For a team building anything in or near Annex III, we walk through:

  1. Classification audit (one to three days)
  2. Gap analysis against the relevant obligations (one to two weeks)
  3. Technical documentation skeleton matching Annex IV
  4. Risk management process design (lightweight if proportionate to the use case)
  5. Logging and monitoring design that meets Article 12 requirements
  6. Human-oversight design that satisfies Article 14
  7. Pre-market conformity assessment plan

For a team in limited risk, the work is much smaller: classification confirmation, the disclosure UI changes, and a brief documentation pass. Often one engineer-week.

For a team in minimal risk, the work is to know that they are in minimal risk and document why. One day.

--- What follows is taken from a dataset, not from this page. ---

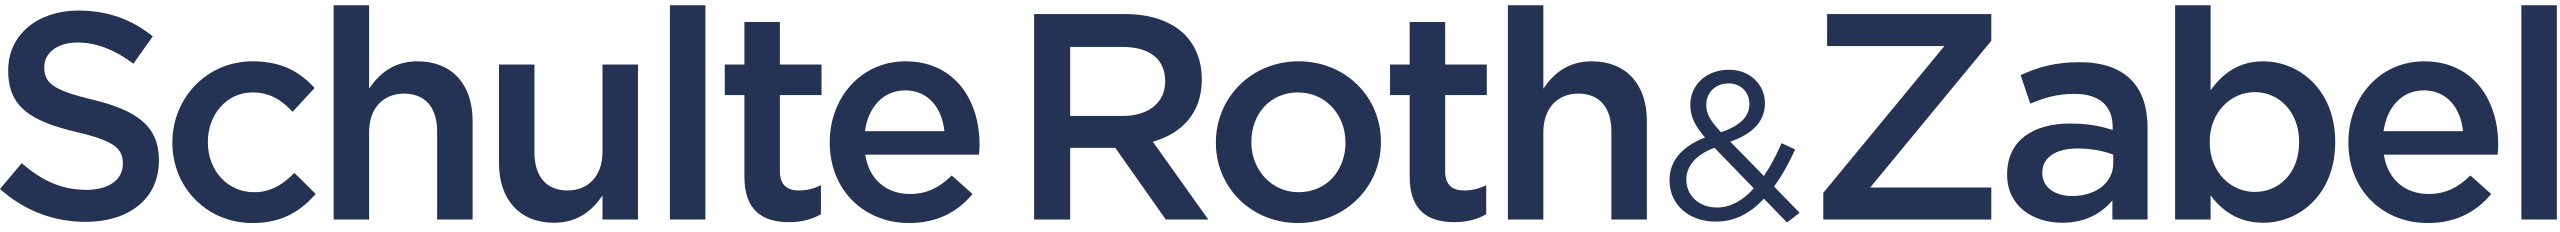 schulte-roth-zabel-srz-logo
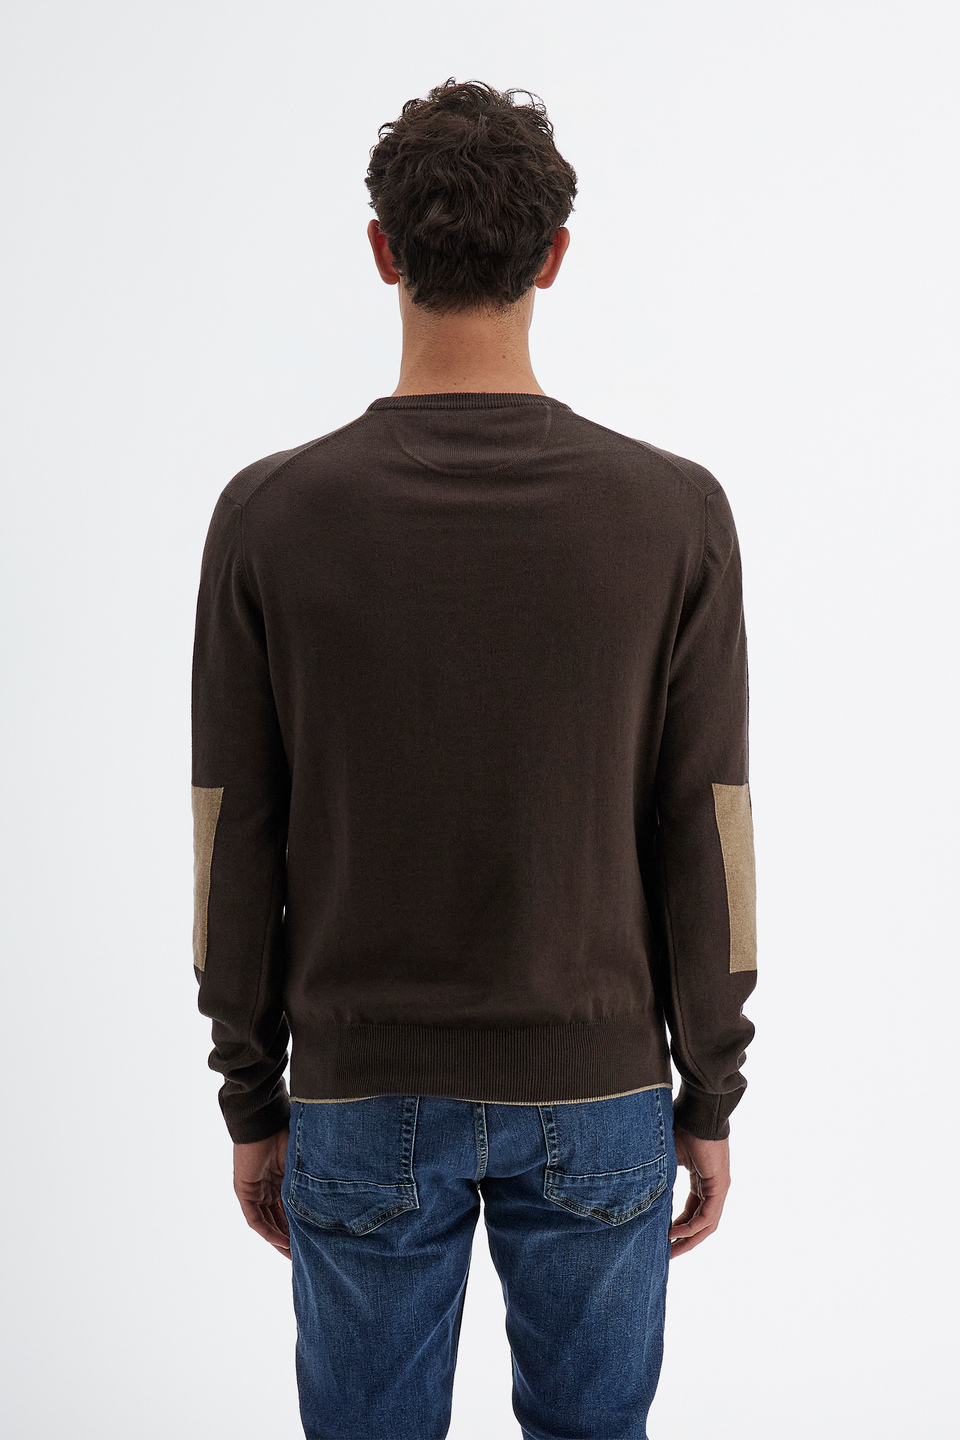 Jersey de punto de manga larga para hombre en mezcla de algodón corte regular con cuello redondo | La Martina - Official Online Shop

The Act is a real piece of regulation with real obligations. It is not a checkbox exercise and it is not a vague aspiration. The teams that engage with it deliberately, classify honestly, and ship the proportionate compliance posture for their tier do so without drama. The teams that hope it does not apply to them, or that conflate hosted-model assurances with their own integrator obligations, will spend significantly more time and money on it later, often in the middle of a customer procurement they would have closed faster with the documentation already in place.

Frequently asked

Questions teams ask

Does the AI Act apply to a US-based company with no EU office?

Yes if the AI system or its output is used by people in the EU. The Act has extraterritorial reach similar to GDPR. A US SaaS with EU users falls under the Act for those users. The penalties for non-compliance scale with global revenue, not EU-only revenue.

What counts as a high-risk AI system?

Annex III lists categories: biometric identification, critical infrastructure, education and vocational training, employment and worker management, access to essential public/private services, law enforcement, migration and border control, justice. Any system materially used for decisions in one of these areas is high-risk regardless of how it is built.

When did obligations start?

The Act entered into force in August 2024 with phased applicability. Prohibited practices and AI literacy obligations applied from February 2025. General-purpose AI obligations from August 2025. High-risk system obligations apply from August 2026, with full applicability from August 2027. Most obligations are already binding now in 2026.